- **What you should do**: Each entry below must be repeated word for word.

- **Information given**:
__________
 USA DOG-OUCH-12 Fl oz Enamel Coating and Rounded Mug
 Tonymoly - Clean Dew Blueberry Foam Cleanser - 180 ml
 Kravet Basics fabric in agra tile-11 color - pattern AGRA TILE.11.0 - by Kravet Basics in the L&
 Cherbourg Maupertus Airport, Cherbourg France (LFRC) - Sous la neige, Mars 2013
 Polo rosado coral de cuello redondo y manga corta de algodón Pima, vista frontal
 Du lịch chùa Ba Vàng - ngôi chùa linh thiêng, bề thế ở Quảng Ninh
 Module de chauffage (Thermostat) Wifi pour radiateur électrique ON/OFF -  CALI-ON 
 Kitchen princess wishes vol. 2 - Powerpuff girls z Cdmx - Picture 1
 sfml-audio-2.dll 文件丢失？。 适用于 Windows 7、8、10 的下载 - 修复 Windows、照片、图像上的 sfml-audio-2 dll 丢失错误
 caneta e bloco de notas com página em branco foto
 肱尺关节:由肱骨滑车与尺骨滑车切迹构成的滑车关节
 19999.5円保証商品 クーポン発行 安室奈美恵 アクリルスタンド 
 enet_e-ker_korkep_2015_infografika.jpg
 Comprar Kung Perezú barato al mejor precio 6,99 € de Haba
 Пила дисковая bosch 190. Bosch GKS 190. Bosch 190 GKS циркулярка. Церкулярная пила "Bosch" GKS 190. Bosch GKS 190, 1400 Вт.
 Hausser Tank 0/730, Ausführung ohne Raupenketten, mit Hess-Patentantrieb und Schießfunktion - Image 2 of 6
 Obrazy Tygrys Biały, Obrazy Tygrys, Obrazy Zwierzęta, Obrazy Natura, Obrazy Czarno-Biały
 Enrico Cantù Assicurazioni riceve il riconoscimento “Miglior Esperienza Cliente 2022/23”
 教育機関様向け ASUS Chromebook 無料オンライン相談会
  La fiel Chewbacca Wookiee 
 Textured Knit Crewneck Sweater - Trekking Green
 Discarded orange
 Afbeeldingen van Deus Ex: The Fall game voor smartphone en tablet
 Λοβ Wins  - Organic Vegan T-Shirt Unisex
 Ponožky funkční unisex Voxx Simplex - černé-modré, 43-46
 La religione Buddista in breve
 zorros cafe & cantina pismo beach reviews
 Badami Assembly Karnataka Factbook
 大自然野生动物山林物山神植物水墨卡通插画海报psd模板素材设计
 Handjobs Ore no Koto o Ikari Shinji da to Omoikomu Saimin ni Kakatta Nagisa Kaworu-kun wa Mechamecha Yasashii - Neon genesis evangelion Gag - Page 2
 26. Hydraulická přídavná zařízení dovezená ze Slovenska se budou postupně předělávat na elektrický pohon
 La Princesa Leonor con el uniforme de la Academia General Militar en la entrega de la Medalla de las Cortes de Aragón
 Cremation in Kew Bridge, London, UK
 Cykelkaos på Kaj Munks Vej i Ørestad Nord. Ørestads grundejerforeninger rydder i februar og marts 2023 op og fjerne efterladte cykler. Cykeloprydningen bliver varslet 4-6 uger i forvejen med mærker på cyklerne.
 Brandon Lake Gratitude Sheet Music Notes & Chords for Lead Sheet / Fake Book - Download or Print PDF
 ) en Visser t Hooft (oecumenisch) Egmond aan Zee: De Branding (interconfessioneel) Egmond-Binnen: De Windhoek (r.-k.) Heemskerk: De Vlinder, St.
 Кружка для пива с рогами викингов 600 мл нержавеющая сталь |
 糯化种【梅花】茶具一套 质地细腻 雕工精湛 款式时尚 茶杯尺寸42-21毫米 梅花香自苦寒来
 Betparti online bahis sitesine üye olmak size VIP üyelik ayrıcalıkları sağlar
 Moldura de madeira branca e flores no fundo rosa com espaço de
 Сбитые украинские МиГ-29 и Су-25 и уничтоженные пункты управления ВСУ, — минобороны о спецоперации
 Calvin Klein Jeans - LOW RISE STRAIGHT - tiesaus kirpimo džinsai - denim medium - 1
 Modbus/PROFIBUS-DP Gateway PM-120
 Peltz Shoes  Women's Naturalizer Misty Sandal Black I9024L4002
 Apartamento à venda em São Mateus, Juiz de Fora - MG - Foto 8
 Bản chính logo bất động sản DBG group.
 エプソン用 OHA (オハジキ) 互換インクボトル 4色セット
__________
- **Output of the task**:
 USA DOG-OUCH-12 Fl oz Enamel Coating and Rounded Mug
 Tonymoly - Clean Dew Blueberry Foam Cleanser - 180 ml
 Kravet Basics fabric in agra tile-11 color - pattern AGRA TILE.11.0 - by Kravet Basics in the L&
 Cherbourg Maupertus Airport, Cherbourg France (LFRC) - Sous la neige, Mars 2013
 Polo rosado coral de cuello redondo y manga corta de algodón Pima, vista frontal
 Du lịch chùa Ba Vàng - ngôi chùa linh thiêng, bề thế ở Quảng Ninh
 Module de chauffage (Thermostat) Wifi pour radiateur électrique ON/OFF -  CALI-ON 
 Kitchen princess wishes vol. 2 - Powerpuff girls z Cdmx - Picture 1
 sfml-audio-2.dll 文件丢失？。 适用于 Windows 7、8、10 的下载 - 修复 Windows、照片、图像上的 sfml-audio-2 dll 丢失错误
 caneta e bloco de notas com página em branco foto
 肱尺关节:由肱骨滑车与尺骨滑车切迹构成的滑车关节
 19999.5円保証商品 クーポン発行 安室奈美恵 アクリルスタンド 
 enet_e-ker_korkep_2015_infografika.jpg
 Comprar Kung Perezú barato al mejor precio 6,99 € de Haba
 Пила дисковая bosch 190. Bosch GKS 190. Bosch 190 GKS циркулярка. Церкулярная пила "Bosch" GKS 190. Bosch GKS 190, 1400 Вт.
 Hausser Tank 0/730, Ausführung ohne Raupenketten, mit Hess-Patentantrieb und Schießfunktion - Image 2 of 6
 Obrazy Tygrys Biały, Obrazy Tygrys, Obrazy Zwierzęta, Obrazy Natura, Obrazy Czarno-Biały
 Enrico Cantù Assicurazioni riceve il riconoscimento “Miglior Esperienza Cliente 2022/23”
 教育機関様向け ASUS Chromebook 無料オンライン相談会
  La fiel Chewbacca Wookiee 
 Textured Knit Crewneck Sweater - Trekking Green
 Discarded orange
 Afbeeldingen van Deus Ex: The Fall game voor smartphone en tablet
 Λοβ Wins  - Organic Vegan T-Shirt Unisex
 Ponožky funkční unisex Voxx Simplex - černé-modré, 43-46
 La religione Buddista in breve
 zorros cafe & cantina pismo beach reviews
 Badami Assembly Karnataka Factbook
 大自然野生动物山林物山神植物水墨卡通插画海报psd模板素材设计
 Handjobs Ore no Koto o Ikari Shinji da to Omoikomu Saimin ni Kakatta Nagisa Kaworu-kun wa Mechamecha Yasashii - Neon genesis evangelion Gag - Page 2
 26. Hydraulická přídavná zařízení dovezená ze Slovenska se budou postupně předělávat na elektrický pohon
 La Princesa Leonor con el uniforme de la Academia General Militar en la entrega de la Medalla de las Cortes de Aragón
 Cremation in Kew Bridge, London, UK
 Cykelkaos på Kaj Munks Vej i Ørestad Nord. Ørestads grundejerforeninger rydder i februar og marts 2023 op og fjerne efterladte cykler. Cykeloprydningen bliver varslet 4-6 uger i forvejen med mærker på cyklerne.
 Brandon Lake Gratitude Sheet Music Notes & Chords for Lead Sheet / Fake Book - Download or Print PDF
 ) en Visser t Hooft (oecumenisch) Egmond aan Zee: De Branding (interconfessioneel) Egmond-Binnen: De Windhoek (r.-k.) Heemskerk: De Vlinder, St.
 Кружка для пива с рогами викингов 600 мл нержавеющая сталь |
 糯化种【梅花】茶具一套 质地细腻 雕工精湛 款式时尚 茶杯尺寸42-21毫米 梅花香自苦寒来
 Betparti online bahis sitesine üye olmak size VIP üyelik ayrıcalıkları sağlar
 Moldura de madeira branca e flores no fundo rosa com espaço de
 Сбитые украинские МиГ-29 и Су-25 и уничтоженные пункты управления ВСУ, — минобороны о спецоперации
 Calvin Klein Jeans - LOW RISE STRAIGHT - tiesaus kirpimo džinsai - denim medium - 1
 Modbus/PROFIBUS-DP Gateway PM-120
 Peltz Shoes  Women's Naturalizer Misty Sandal Black I9024L4002
 Apartamento à venda em São Mateus, Juiz de Fora - MG - Foto 8
 Bản chính logo bất động sản DBG group.
 エプソン用 OHA (オハジキ) 互換インクボトル 4色セット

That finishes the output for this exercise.